Other genes with potential growth function identified here, include adcy7 that is related to progesterone-mediated oocyte maturation in European seabass31, ap2a2 that has direct interaction with the epidermal growth factor receptor (egfr)32, ccne1 and csk that are associated with ovarian cancer tumors and blood pressure in human33,34. gas1 is involved in embryonic patterning, inhibits cell proliferation and mediates cell death, and has therefore been considered as a tumor suppressor in human35, whereas rab11 plays an indispensable role in regulating early stages of Drosophila adult muscle development36.

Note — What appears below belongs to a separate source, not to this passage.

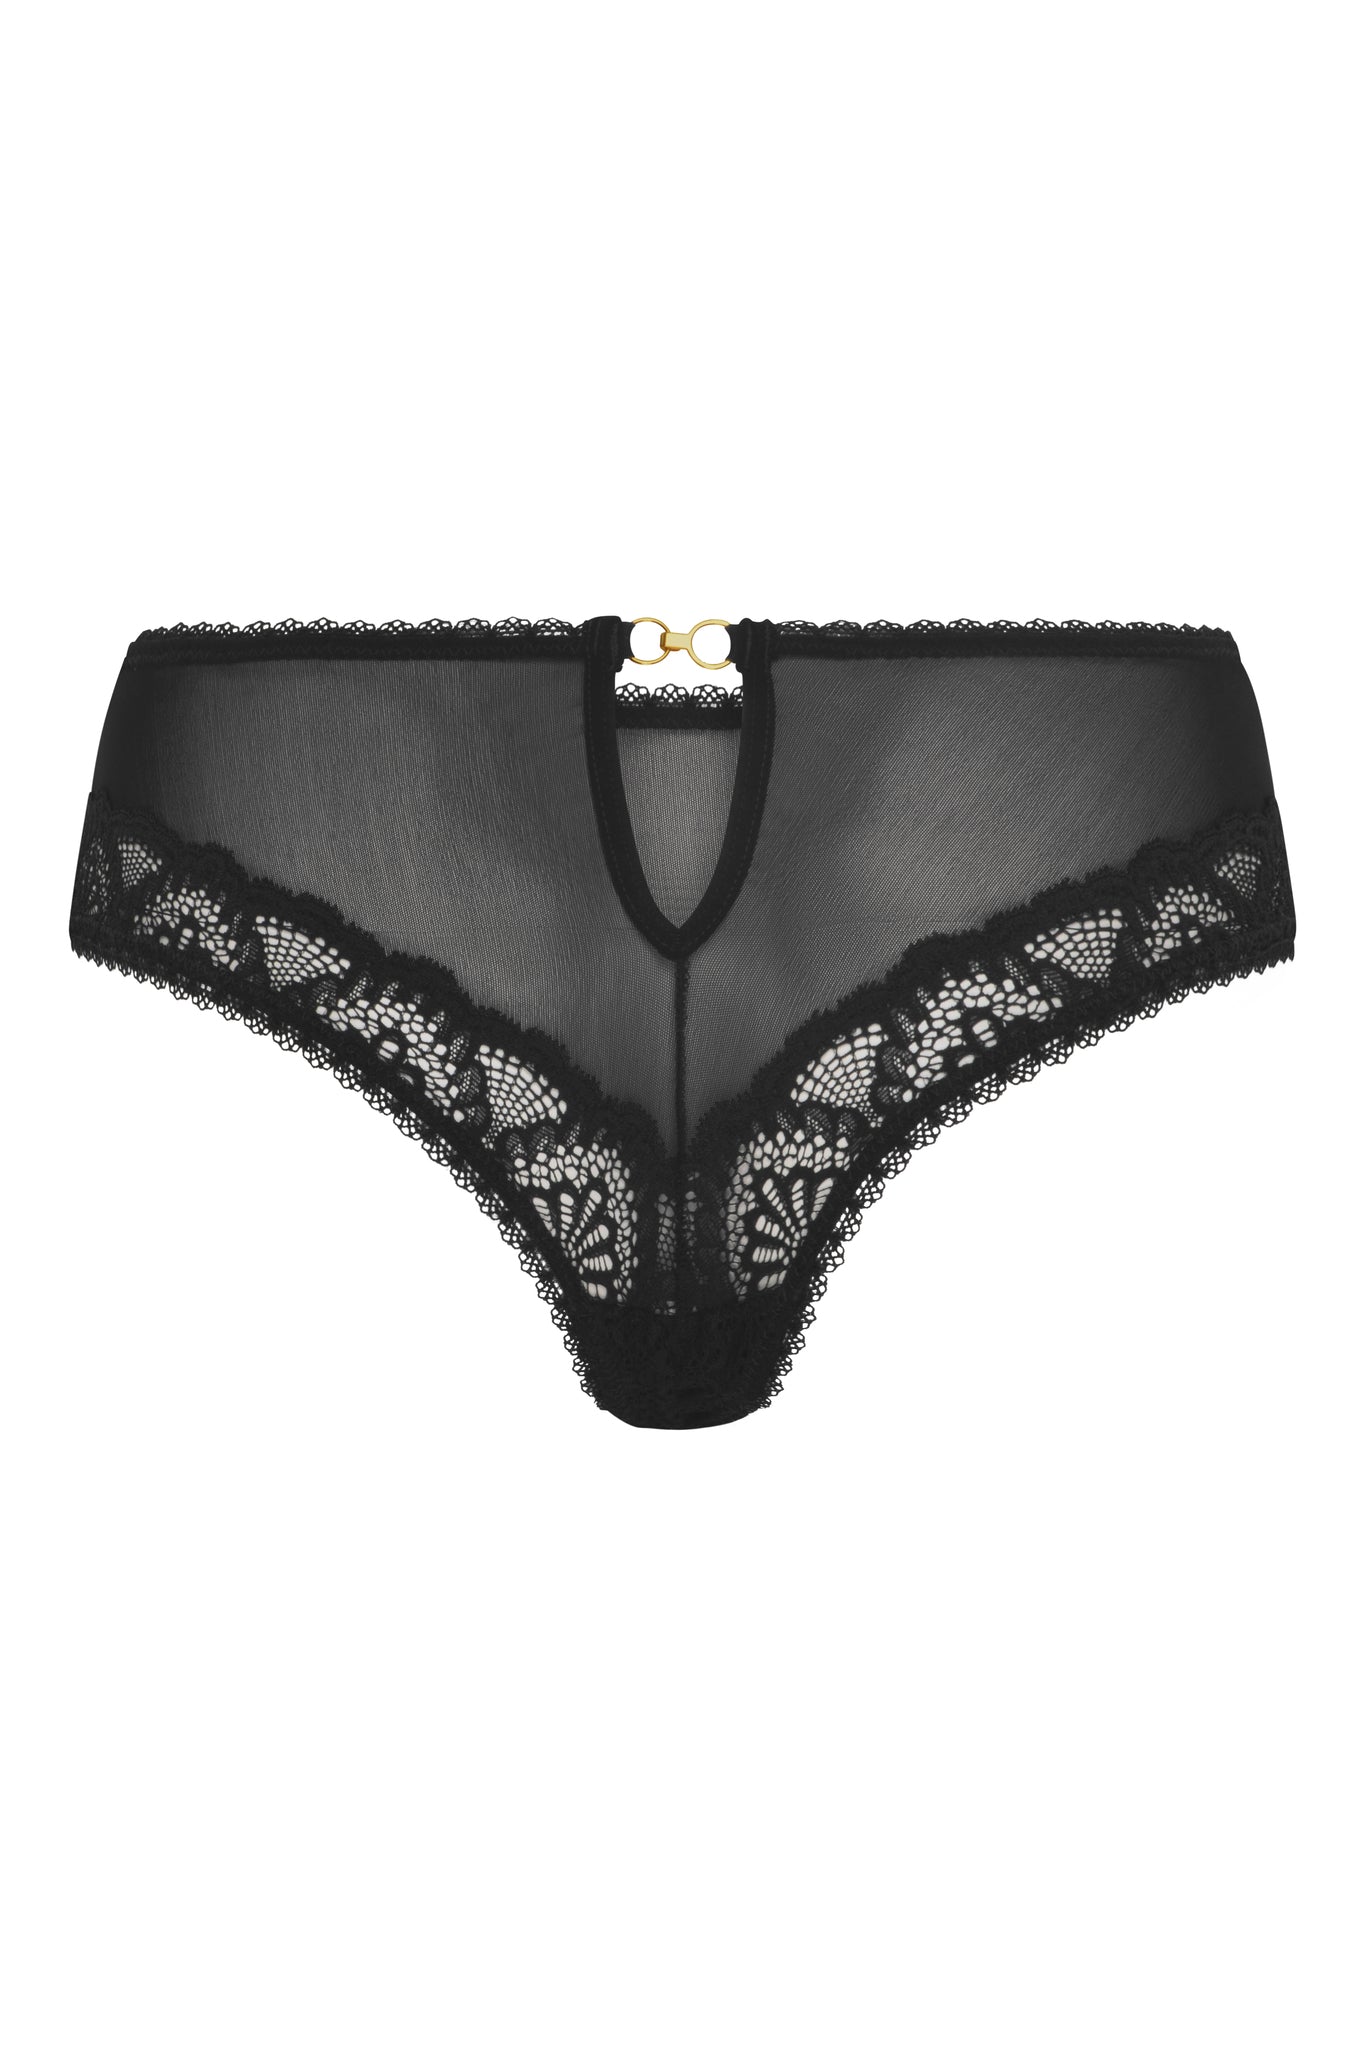 Aberdevine® Luxurious and responsible- Lingerie that liberates

According to our knowledge, with the exception of ctsb, very little information was available on the function of these genes in teleost muscle growth prior to our study. Here, pathway analyses indicated that eight out of the 11 genes showed association with four major growth-related regulators: Igf1, Igf1r, Egfr and Tgf-beta. In a study on Chilean flounder (Paralichthys adspersus), the two Igf molecules were shown to play important roles in the development of muscle and bone-related structures during larval stages37. Besides, the Tgf-beta pathway had been shown to regulate the growth, differentiation and metabolism of many cell types, including that of skeletal muscle in mammals38. Therefore, to find out how these genes regulate skeletal muscle development and growth in Asian seabass, their specific role must be further investigated by studying the different constituents in the pathways that these genes are involved with (especially the IGF and TGF-beta systems) as well as their interactions in relation to muscle growth.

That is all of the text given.